Objectives To investigate the association between changes in lifestyle risk factors and changes is sleep difficulties.

Design Longitudinal repeated measures cohort study.

Setting University and national institute of occupational health.

Participants Participants of the Finnish Public Sector study with information on sleep and lifestyle-related risk factors collected in five repeat surveys with 4‐year intervals from 2000 to 2017. The participants were those, who had responded at least twice and had a change in sleep difficulties (having sleep difficulties vs not) (142 969 observations from 38 400 respondents (mean age 45.5 (SD 9.2) years, 83% women).

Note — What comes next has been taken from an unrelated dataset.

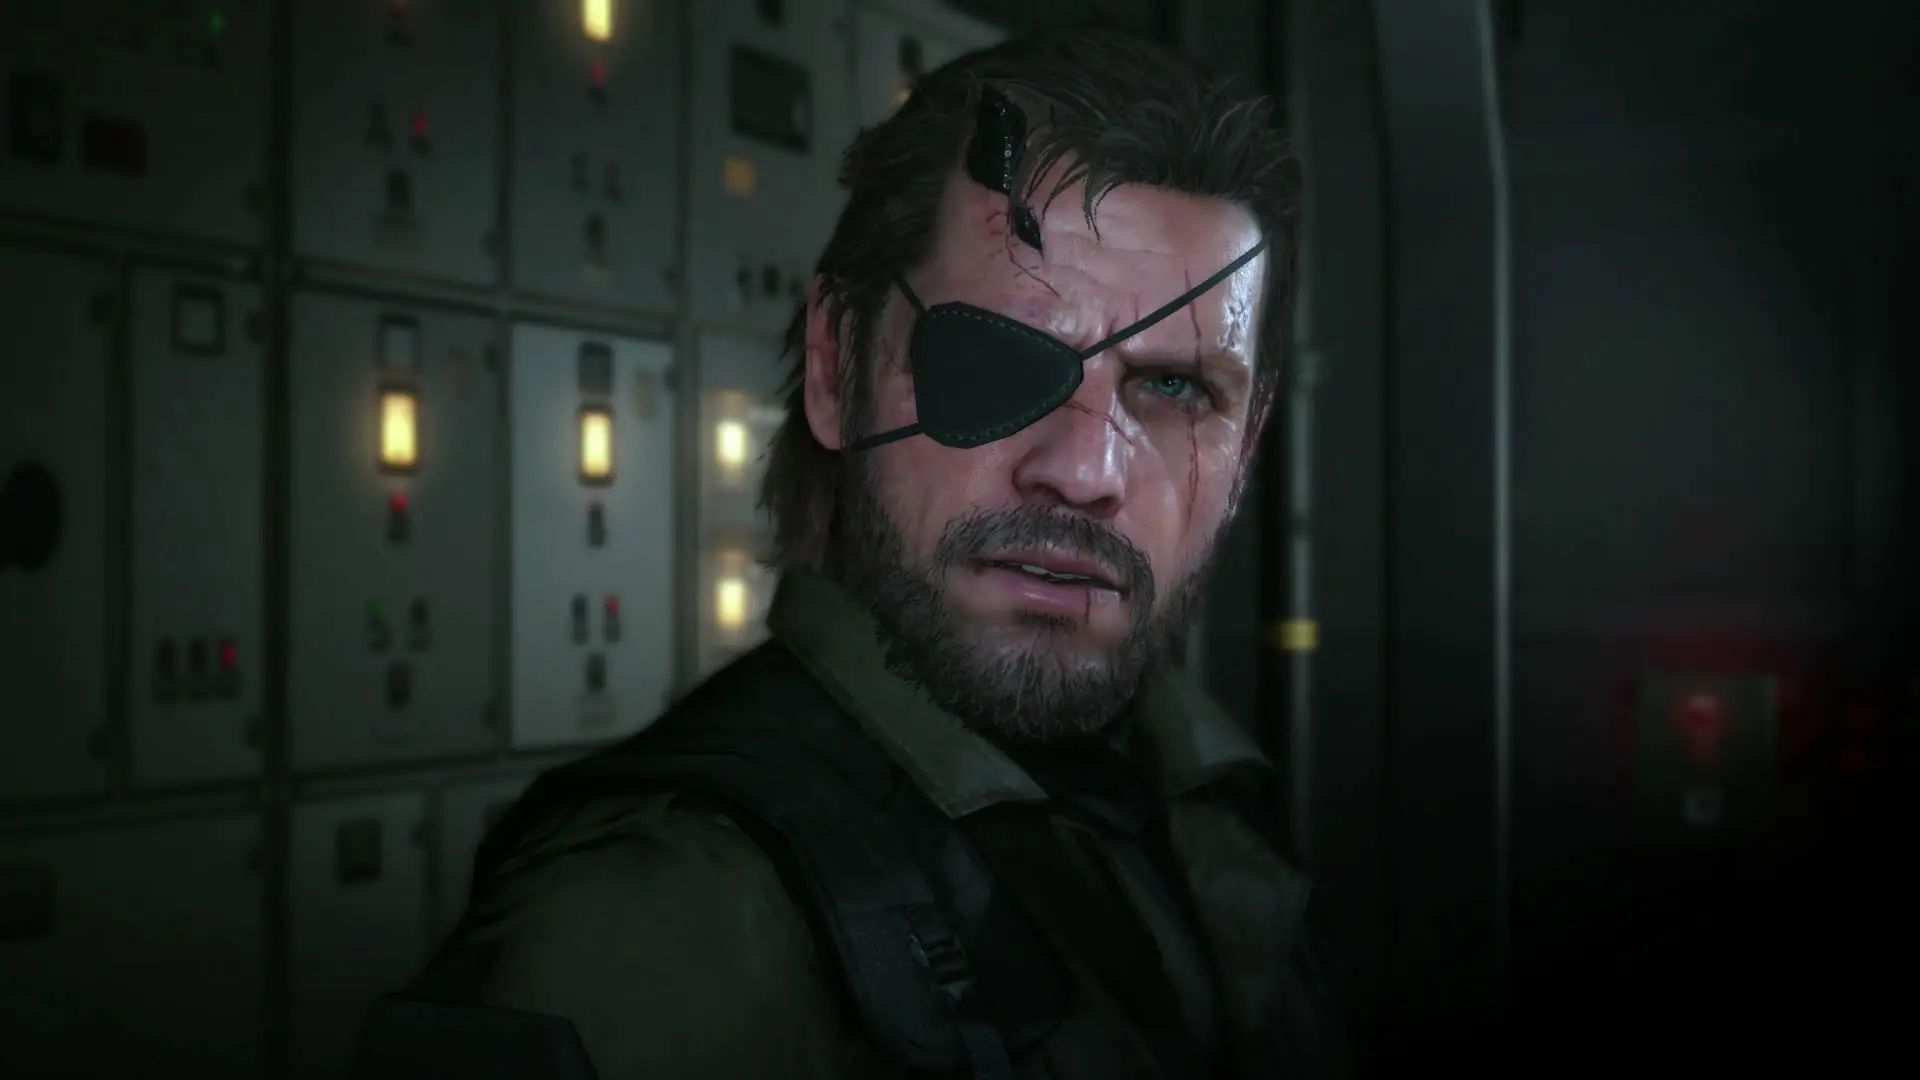 Metal-Gear-Solid-V-The-Phantom-Pain-E3-2015-Screen-Big-Boss

Primary and secondary outcome measures Changes in sleep quality over time. Longitudinal fixed effects analysis, a method that accounts for time-invariant confounders by design, was used.

Results At first available response, sleep difficulties were experienced by 13 998 (36%) of the respondents. Respectively, the mean age was 44.3 (10.0) years, 7526 (20%) were obese, 13 487 (35%) reported low physical activity, 3338 (9%) extensively drinking and 6547 (17%) were smoking. Except for smoking, the changes in the studied modifiable risks were associated with changes in sleep difficulties. The ORs for having sleep difficulties were 1.41 (95% CI 1.35 to 1.48) for obesity, 1.10 (95% CI 1.06 to 1.13) for low physical activity and 1.43 (95% CI 1.35 to 1.51) for heavy drinking. For smoking, the association was negative with OR 0.81 (95% CI 0.76 to 0.86). Including all four modifiable risks into model changed the estimates only little.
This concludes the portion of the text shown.